Неотвязный этот вопрос ворочался в голове, пока разогревал котлетку с макаронами, пока чай пил, поглядывая на ряды освещенных окон напротив. Теплый весенний ветер шевелил занавеску, далеко внизу у автобусной остановки бренькала гитара. Пирамида из батраков, додумал он наконец.
Нижние ишачат на верхних. Не важно, как называются составляющие пирамиды - рабочие, ученые, министры или банкиры. Все батраки. И психология батрацкая: день до вечера, на корочку хлеба заработаем. А на маслице украдем.
Не часто нападало на Толмачева желание поразмышлять на отвлеченные темы, не связанные напрямую с работой. Не часто. Но нападало. В таких случаях он шел куда-нибудь выпить-закусить, музыку слушал или девушек в гости приглашал.
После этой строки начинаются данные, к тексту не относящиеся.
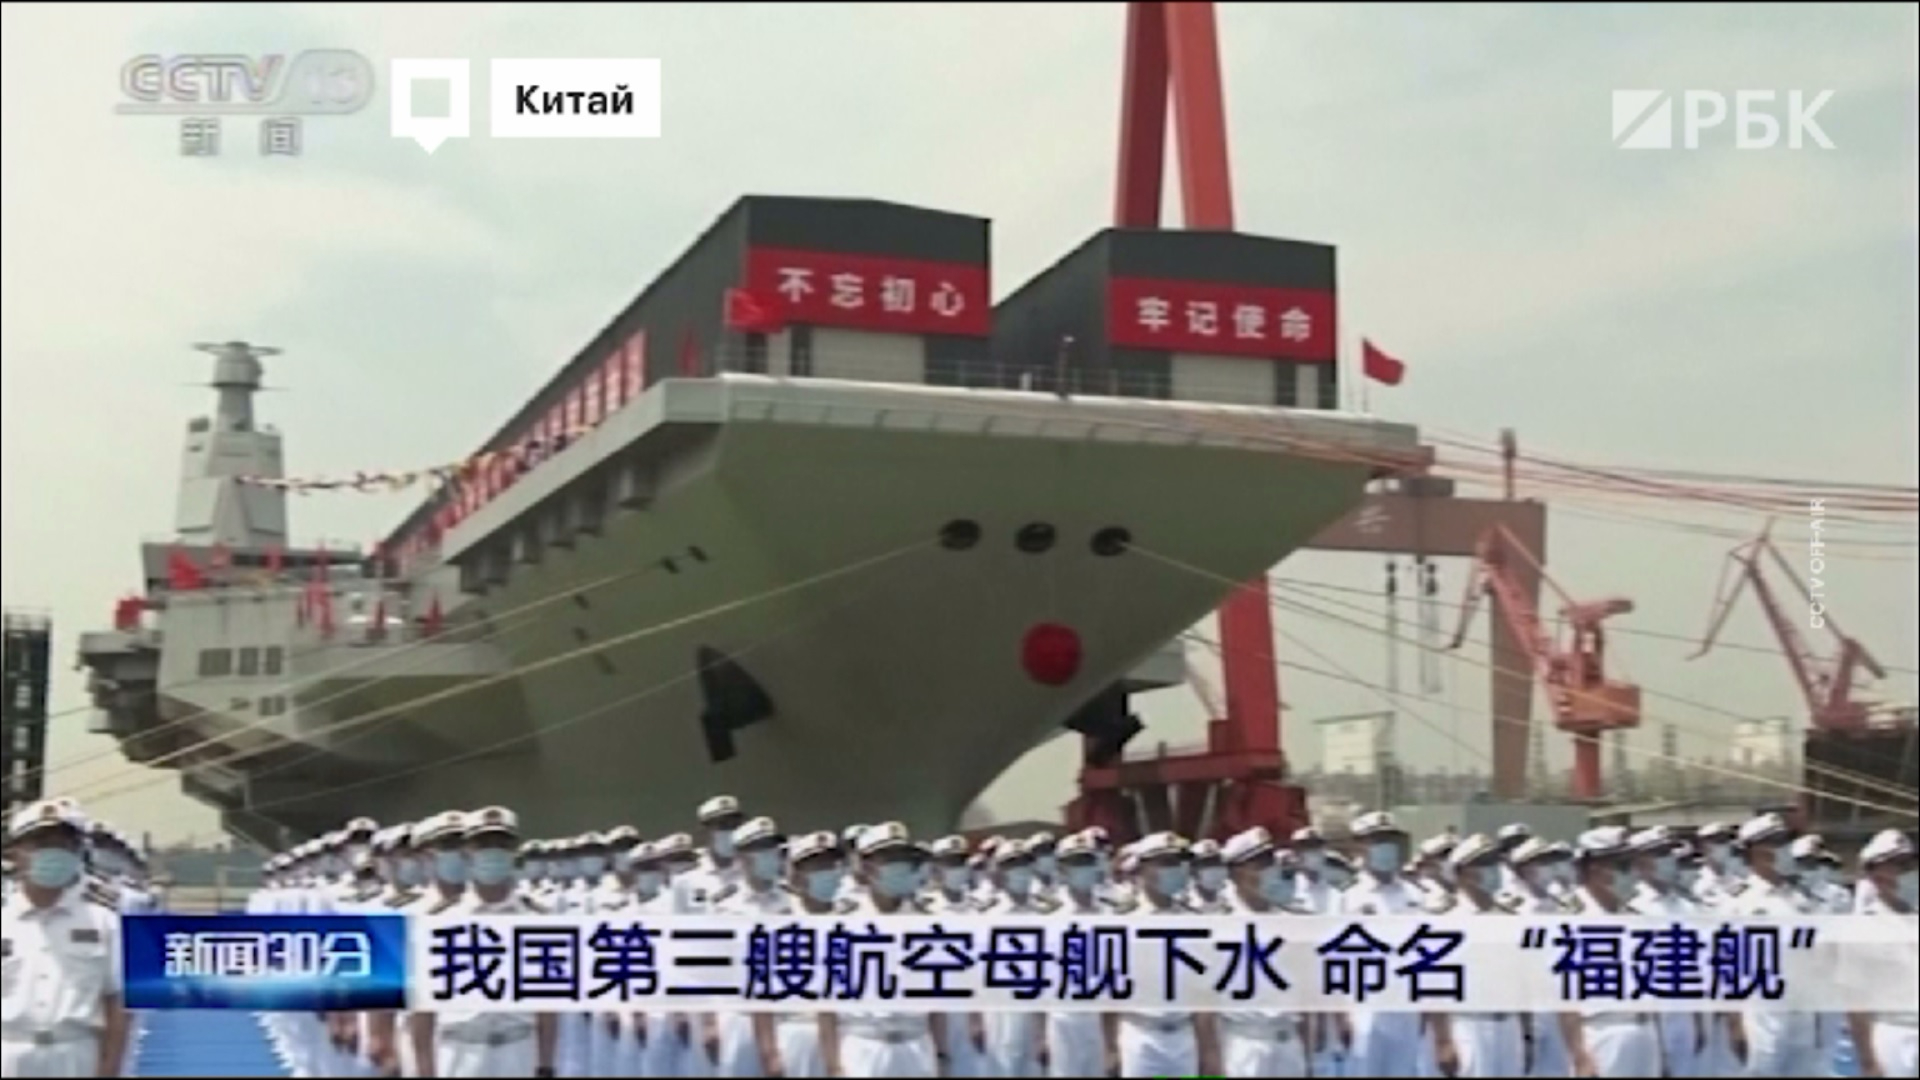 Китай спустил на воду первый авианосец «Фуцзянь» собственной разработки

Как правило, это помогало, уводило с философской стези. Однако именно сегодня не мог Толмачев прибегнуть к апробированным средствам блокировки перевозбужденного сознания, потому что взял у Шаповалова до понедельника дискету с записью операции "Примабанка" и хотел за выходные кое с чем разобраться. А с похмелья или после пылкого свидания работа на ум нейдет.
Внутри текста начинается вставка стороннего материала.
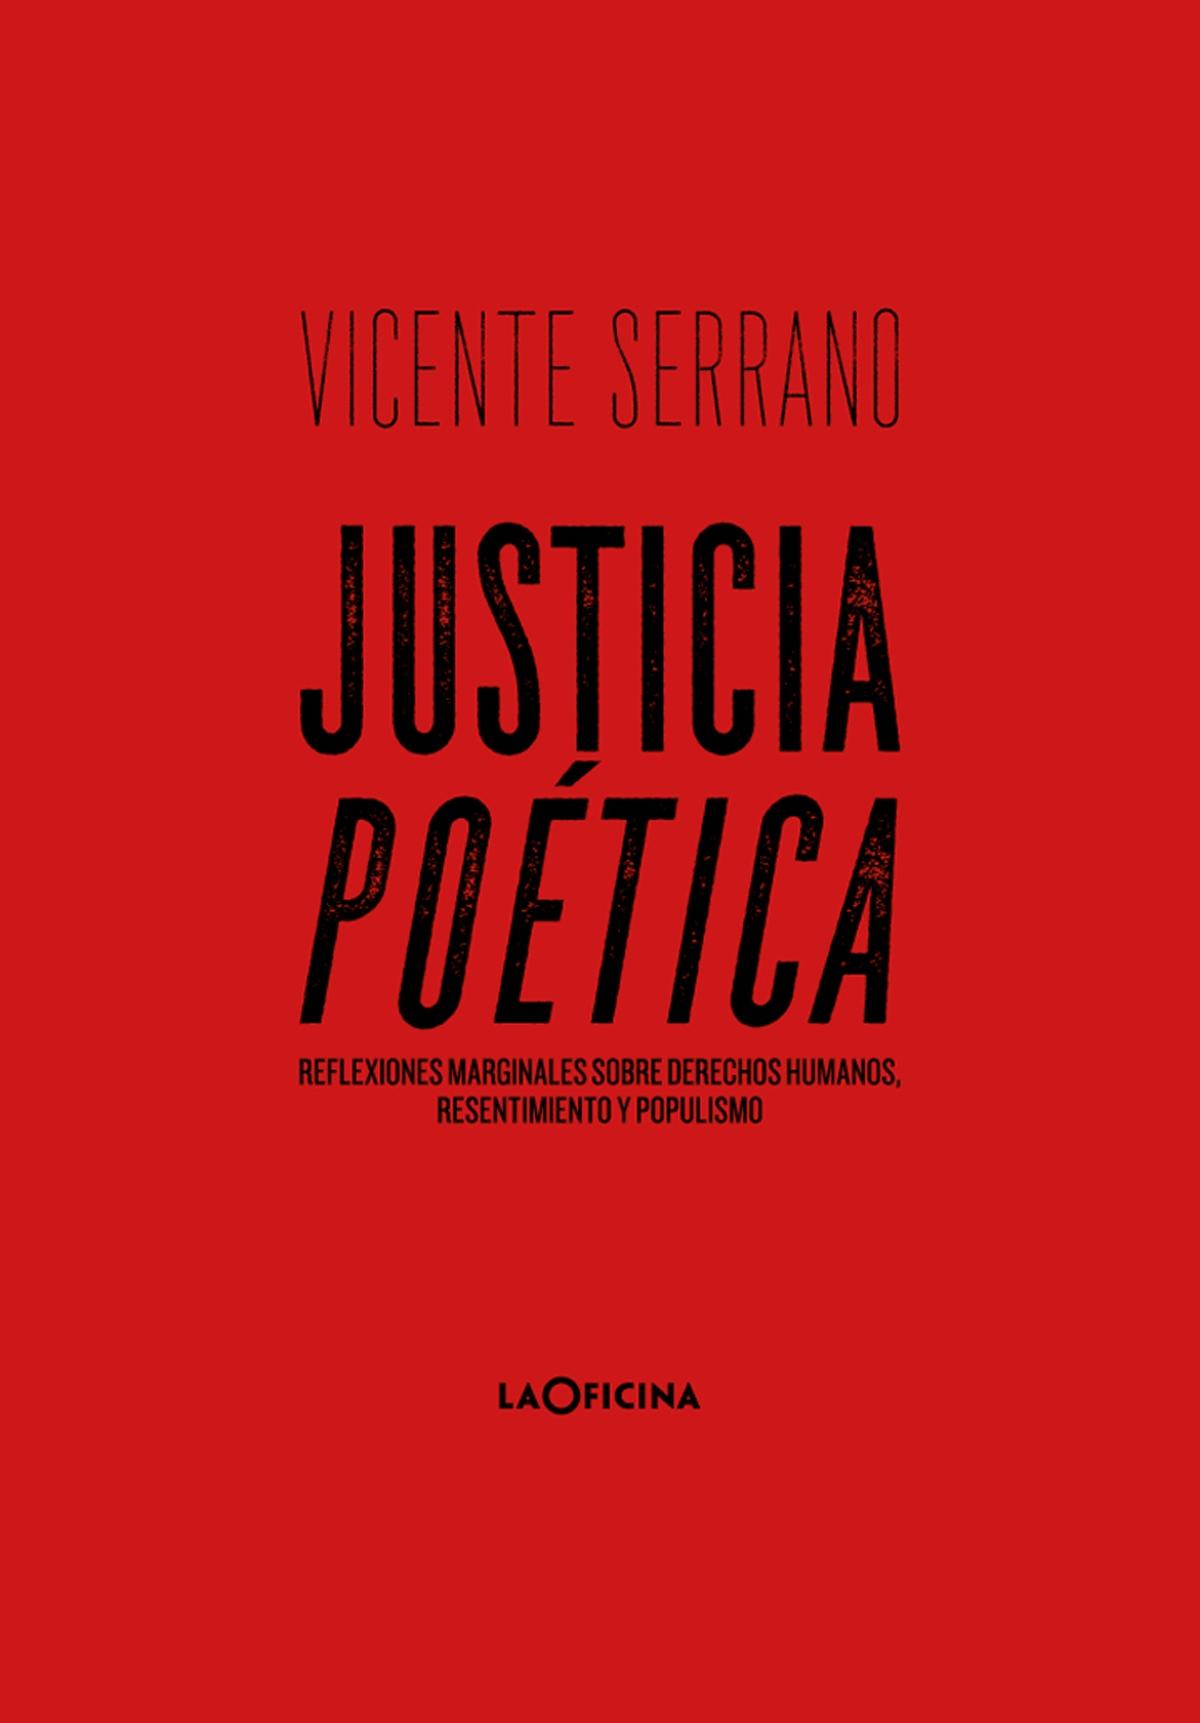 Justicia poética "Reflexiones marginales sobre derechos humanos, resentimiento y populismo"

Закончив сиротский ужин, Толмачев провел в жизнь третий, самый радикальный вариант борьбы с посторонним шумовым фоном в голове: встал под душ и начал вертеть ручки в разные стороны, подвывая на температурных пиках, словно машина на затяжном подъеме.
Ровно в полночь в боеготовности номер один он уселся за кухонный стол и достал портативный компьютер, ноут-бук. Такими замечательными машинками родное Управление, дай ему Бог здоровья, снабдило недавно всех офицеров-аналитиков. Чтобы и на природе, и в сортире они могли предаваться высоконаучным играм.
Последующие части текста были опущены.